Славная девочка, благородный порыв… Ничего большего!

Он боялся признаться себе, что невинное объятие семнадцатилетней девушки, ее поцелуи утешения, ее трогательное «милый мой, хороший мой» все же задели его, взволновали. С позиции взрослого человека относил он поведение девушки к разряду детских выходок. Как к поступку чистой непосредственной натуры. Умом, только умом. Непонятно почему такой живой след в памяти оставили эти неповторимые секунды в темных сенях викуловского дома.

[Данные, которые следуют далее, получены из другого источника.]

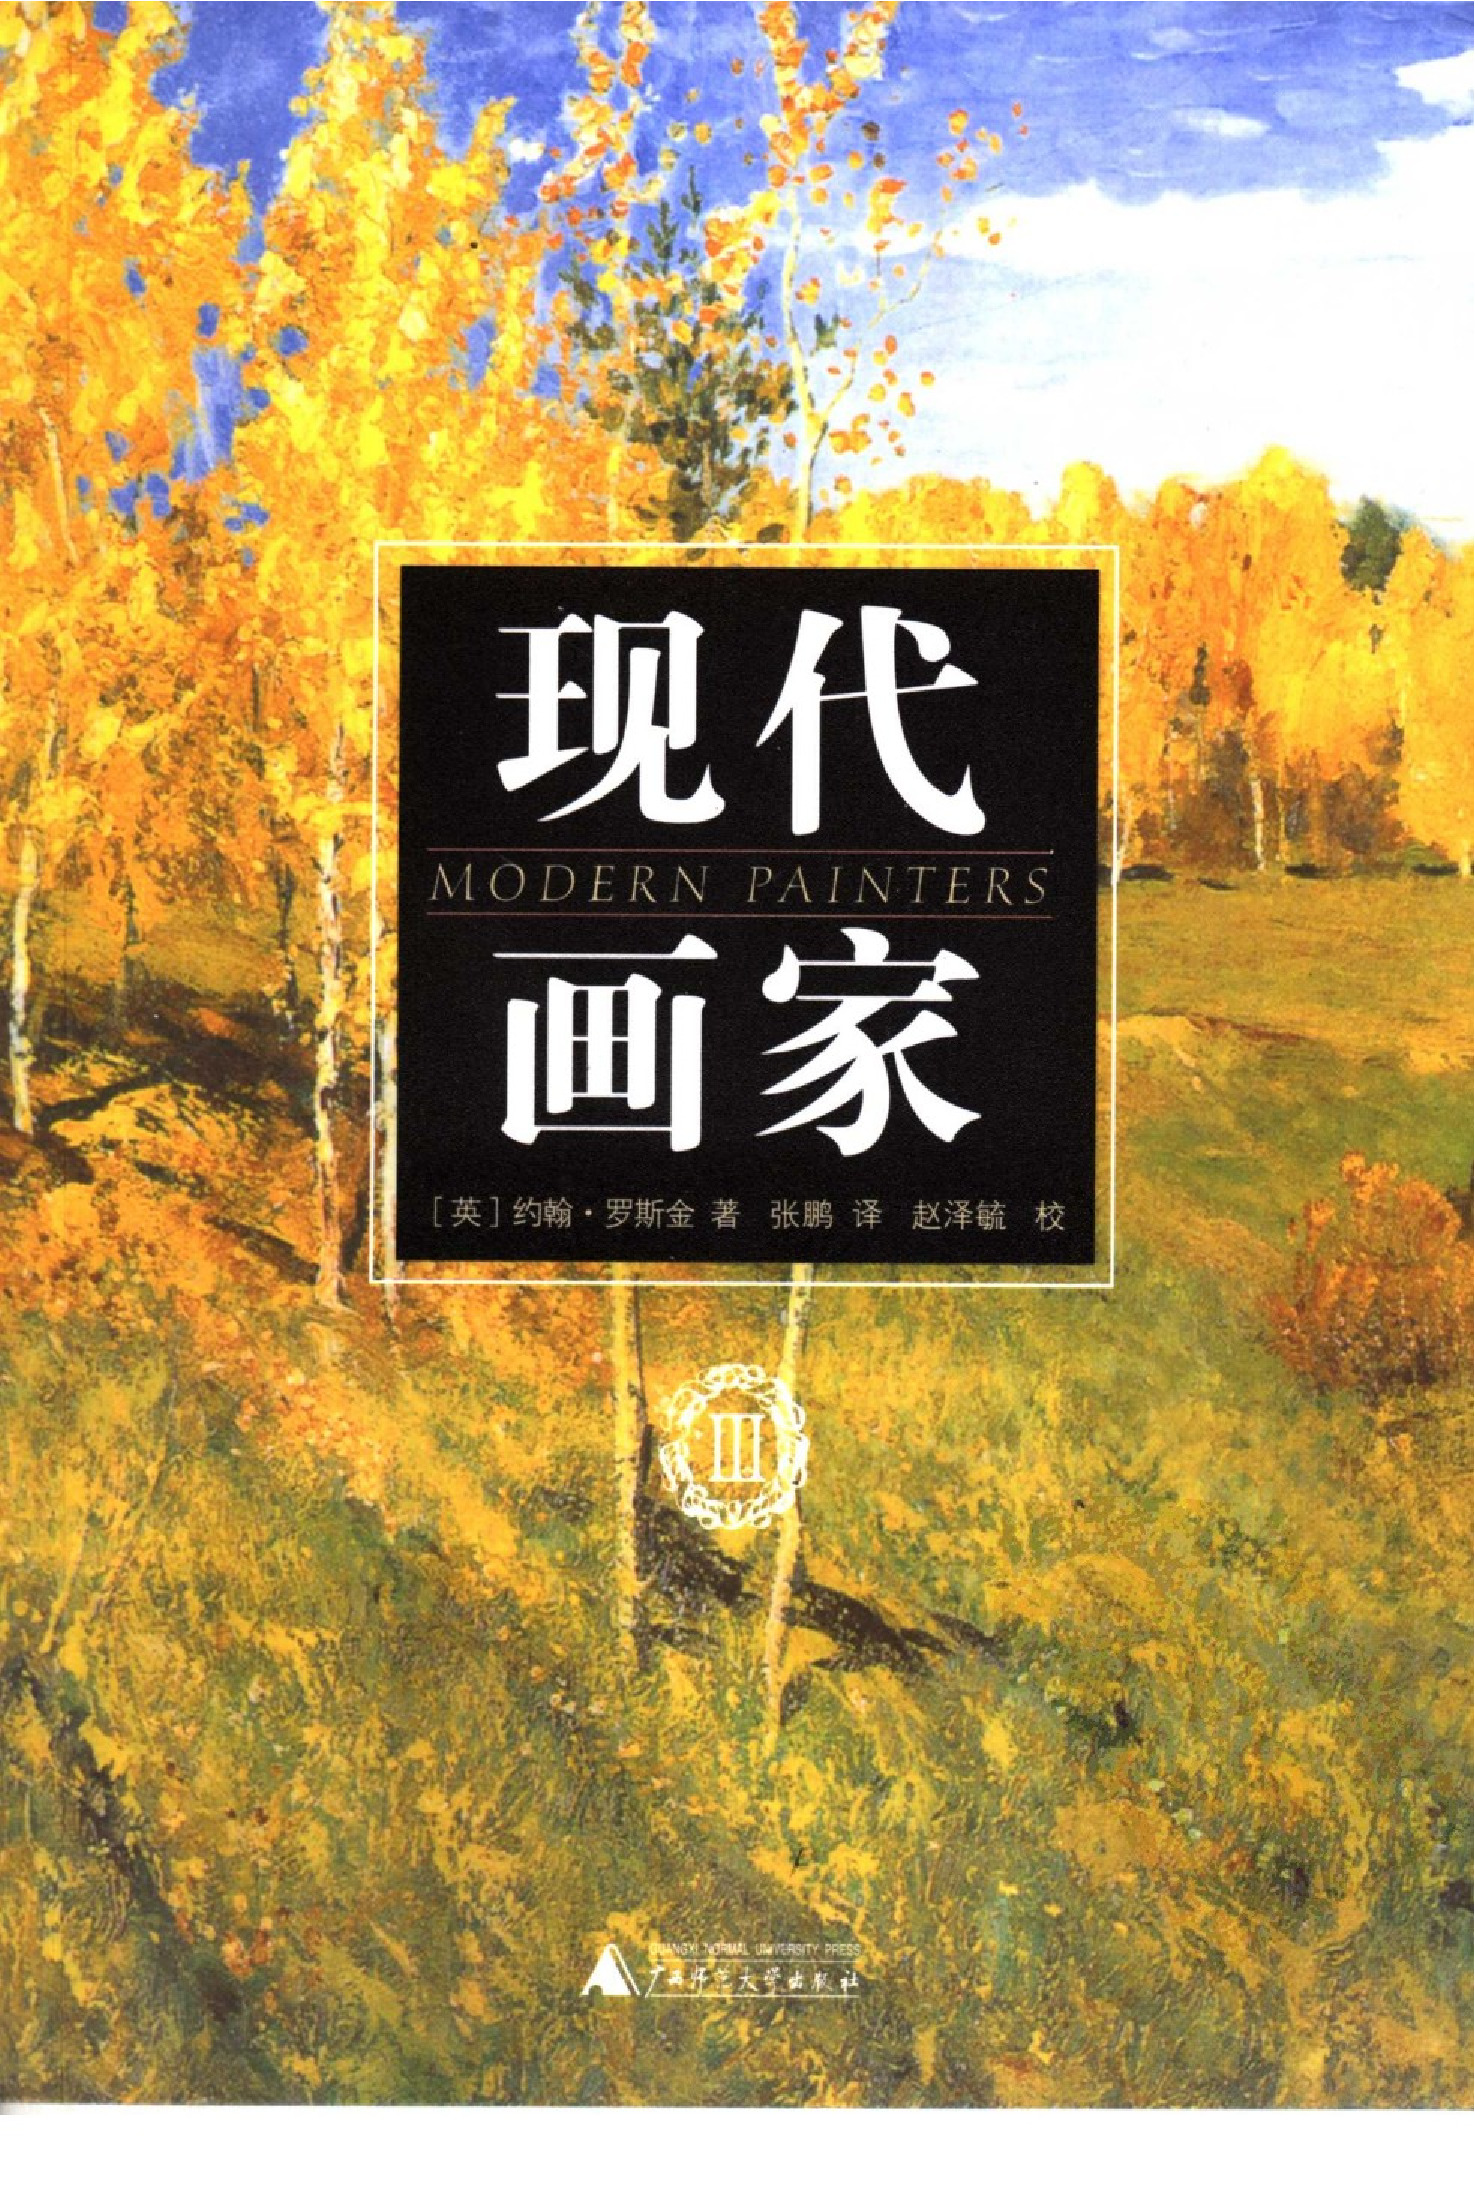 现代画家Ⅲ[英]约翰·罗斯金.张鹏译.广西师范大学出版社(2005)

Так бы все эти ясные размышления и смутные ощущения исчезли, утонули в море житейских дел, если бы не внезапная, страшная гибель Викулова. Медведь-шатун выбил из рук старого охотника давшее осечку ружье, нож лишь подранил взъяренного зверя, а напарник оплошал. Истерзанного, еле дышащего привезли старого охотника домой на Хилу.

Ни Серафима, ни Зоя не могли сами придумать слова, сказанные стариком в минуту кончины: «Дети мои, девочки мои, Михаил Дмитриевич не оставит вас… Вы к нему…»

Он приехал хоронить Глеба Антоновича, и в избе у гроба, и на выносе, и у открытой могилы так естественно выходило, что девушки обок Бутина — Серафима справа, Зоря слева. Старшая все прижимала его руку к себе, а младшая время от времени подымала вспухшие от слез глаза, в которых и страх, и доверие, и любовь: «Ведь не оставите, правда? Ведь после батюшки только вы у нас…»

На другое утро он прислал осиротевшим девушкам с Петром Яринским муки, сахара, всяких разностей. Они не нуждались, отец оставил им справное хозяйство, от отца было у них умение управляться с землей, скотиной, тайгой. Но ведь сиротство — это тоже нужда, и нужда непоправимая…

На девятый день он приехал один. Втроем за столом, больше никого. Слезами поминали отца — Серафима по-бабьи, с причитаниями, а Зоя детским, тонким, как одинокая струна плачем. «Не покидайте нас сегодня, нам страшно, эти девять дней мы вовсе не спали». Дома он упредил, что едет на прииск, — и верно, собирался отсюда на Николинский, не ехать же на ночь, и он оказался в комнате Глеба Антоныча.

Ему казалось, что он уснул и что это с ним во сне — рядом теплое, легкое, прижавшееся к нему тело, — ведь приходили прежде такие сны, и он подчинялся им. И это невидимое, неслышное, сладкое тело все теснее с его телом, словно входит в него, все глубже, все неотделимей, и в неразбудном сне происходит непонятное, опасное и долгожданное. Сон? Дремота? И вдруг, резко очнувшись от нестерпимого наслаждения, он остротой пробужденного сознания понимает: все уже свершилось, свершилось помимо его воли, и подступает отчаяние и чувство неисправимой вины. А она гладила его щеки, неумело целовала в губы, бороду, плечо и приговаривала: «Вот какой же ты молодец, Мишенька, а ты еще боялся! Ты ничего не бойся, я вот не боюсь, ты только не мешай мне любить тебя… Как же мне хорошо; я знала, что будет хорошо, но не знала, что так хорошо». Софьюшкины слова, Софьюшкой подсказанные. Все смешалось во времени, в душе и памяти…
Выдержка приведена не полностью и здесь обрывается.